[Supplied data — start]
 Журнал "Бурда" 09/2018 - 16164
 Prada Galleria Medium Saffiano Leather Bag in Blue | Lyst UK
[Supplied data — finish]
[Supplied data — start]
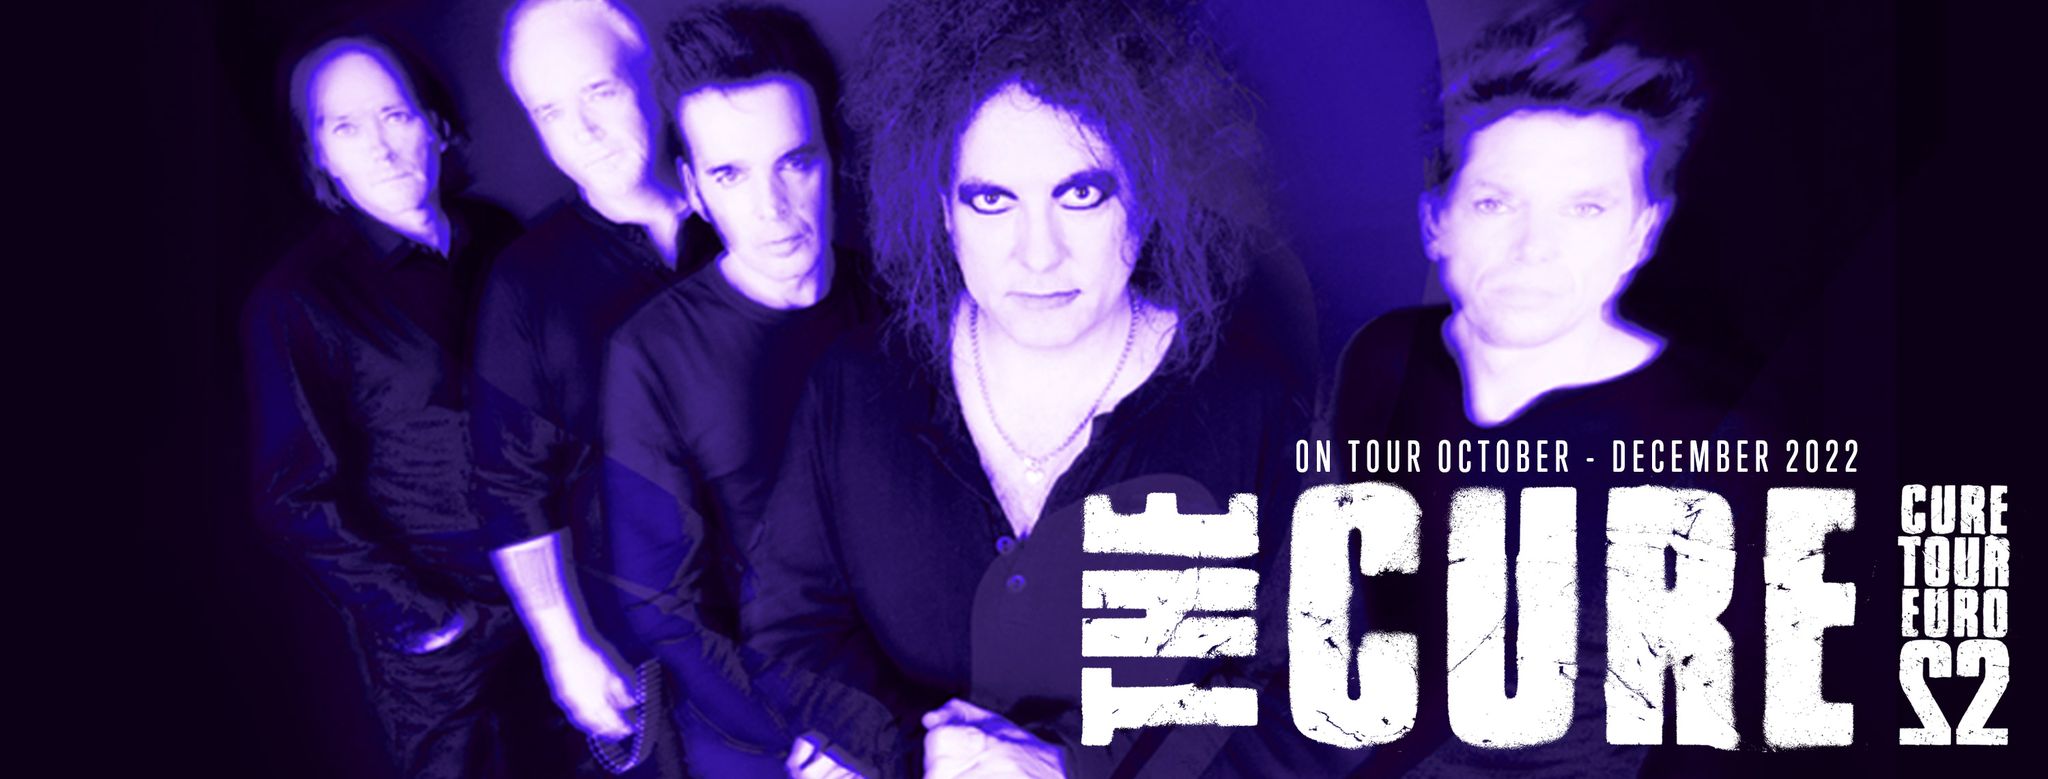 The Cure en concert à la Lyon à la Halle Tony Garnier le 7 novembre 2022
[Supplied data — finish]
__Required work__. All lines in the listing above between the line with "09/2018 - 16164" and the line with "Prada Galleria Medium", inclusive, should be set down exactly, and no line outside that range.

__Solution for this task__.
 Журнал "Бурда" 09/2018 - 16164
 Prada Galleria Medium Saffiano Leather Bag in Blue | Lyst UK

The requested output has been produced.